Though it might be nice to know that a $5,000 account balance will be paid, it's much better for the beneficiary to be able to choose what to do with that $5,000. Other needs may be more pressing than paying off an account balance. Of course, term policies are usually in amounts much larger than $5,000 so the beneficiary will be able to pay off the balance if she chooses to do so or she may pay off other balances instead. The choice is hers to make. Of course, the fees for a life and/or disability insurance payment protection are small. But that's not really the point. Instead of acting in fear, this is the time for individuals to take a good look at their financial management and make needed changes. Financially responsible people first need to be sure that the household's primary wage-earner has adequate disability and life insurance coverage. An emergency fund needs to be kept in an interest-bearing account that allows quick and easy access to the money. A money market fund is a good choice for an emergency fund; a certificate of deposit is not because penalties will have to be paid if the money is taken out before its term ends. Outstanding account balances need to be made current and debt should be reduced as quickly as possible. This is the time to act, not react.
An individual may decide that an insurance payment protection plan is a good option given his personal circumstances. In that case, the individual needs to be well-informed on exactly what type of coverage he is getting and the amount of the monthly fee.
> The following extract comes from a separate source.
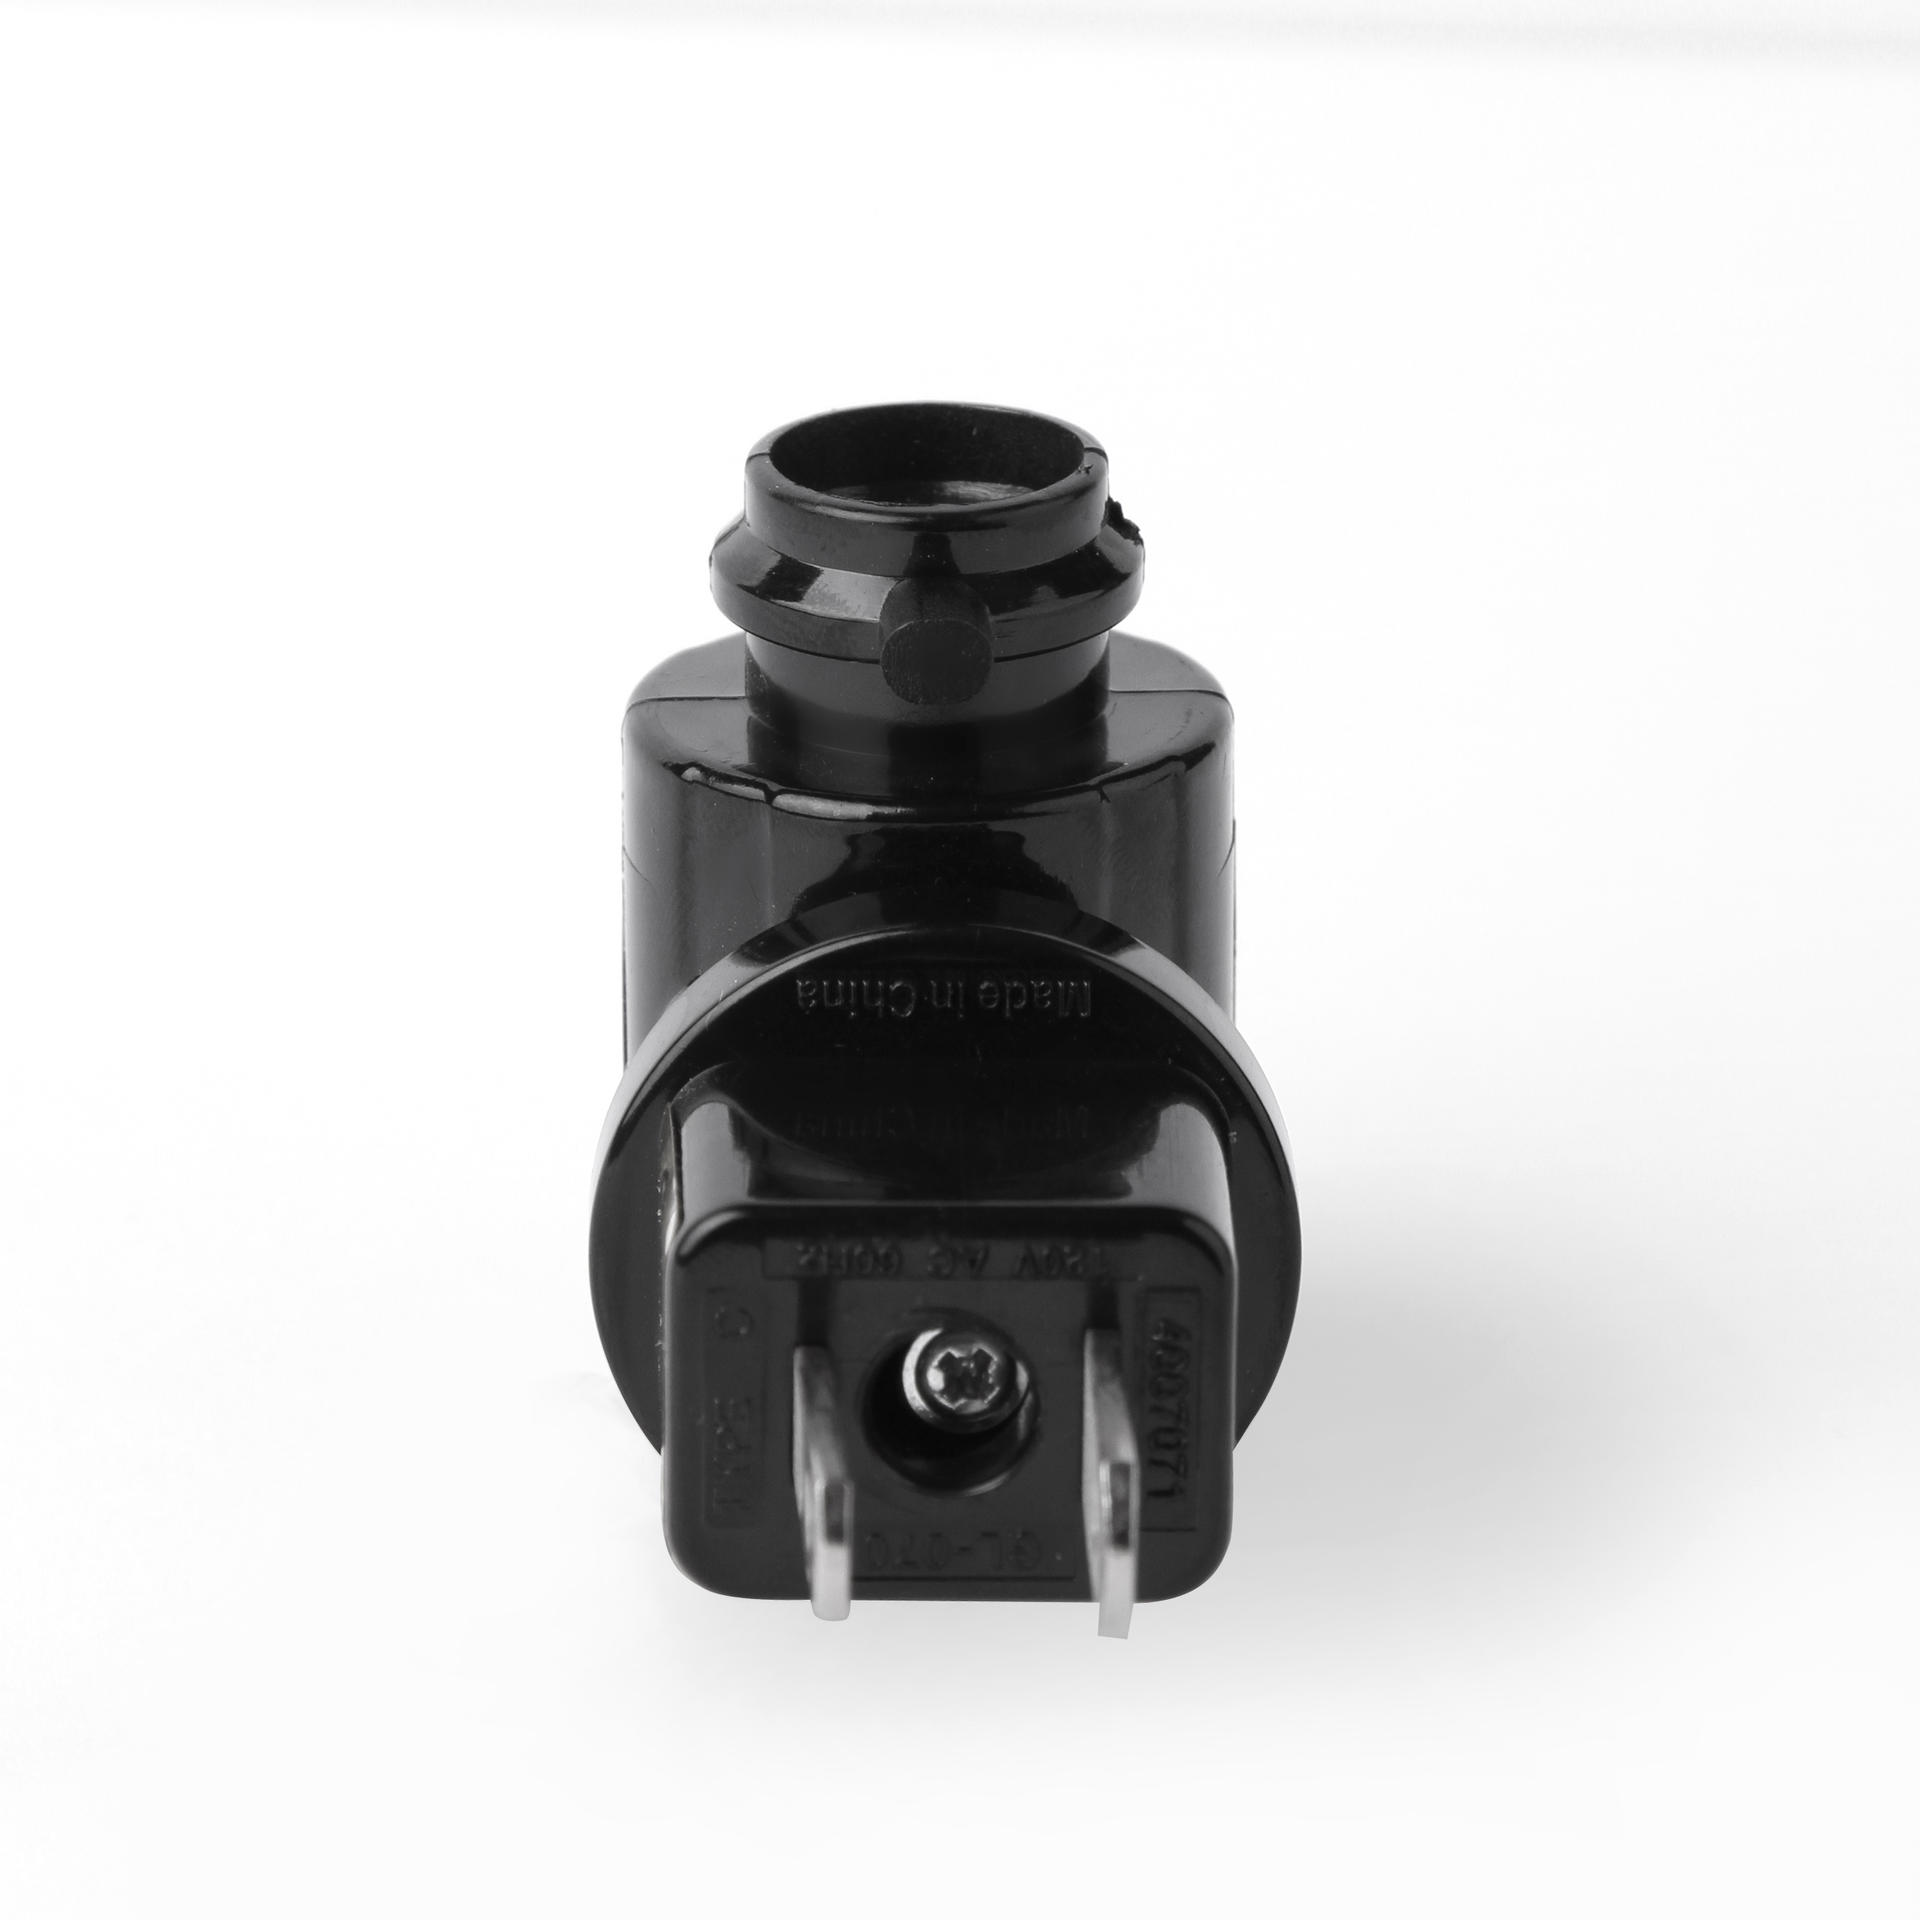 ETL USA plug in lamp holder electrical socket E12 for night light black color GL-070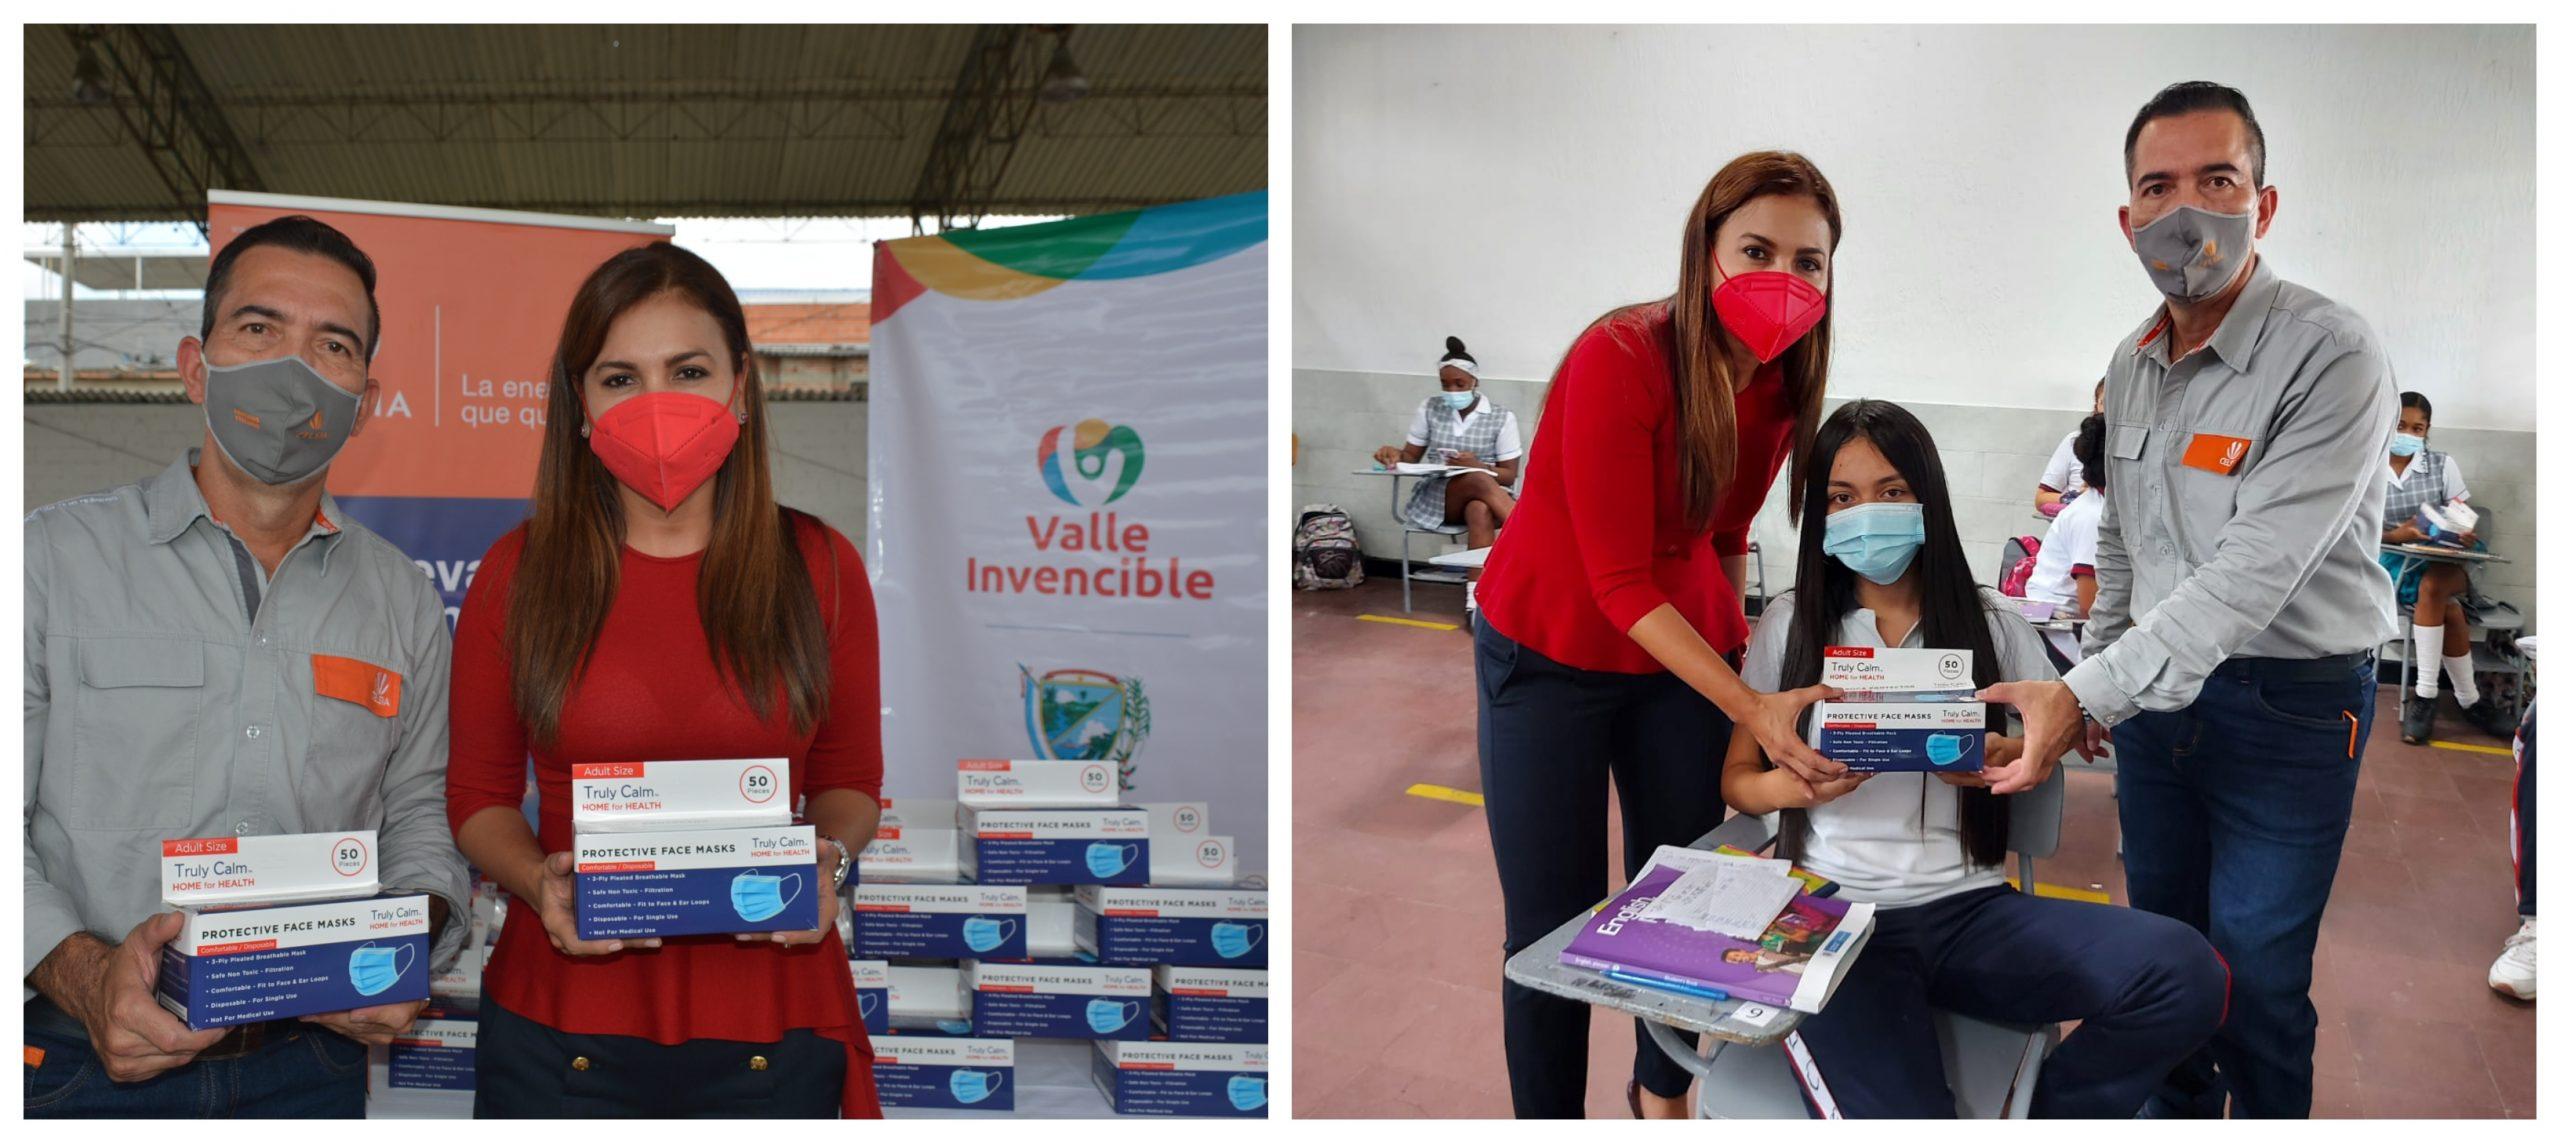 Celsia entrega 681.000 tapabocas a instituciones educativas de 10 municipios del Valle

These policies always have a maximum benefit or cap. Disability coverage may only make the account's monthly payments for a certain length of time, say twelve months. There may be age exclusions. Someone who works part-time or is self-employed may not be eligible for coverage. The time to find out whether or not any exclusions apply is before the policy is bought, not when its coverage is desperately needed. Prospective policyholders also need to be aware that disability policies rarely, if ever, replace one hundred percent of one's income. Because the money is tax-free, the benefit is set at a lower percentage. Because insurance payment protection policies are optional, accountholders should never feel pressured to purchase them. In fact, a person can probably find better policies with independent providers. By being well-informed and shopping around, a person can find affordable coverage to supplement existing coverage. The question, though, remains: is it really necessary?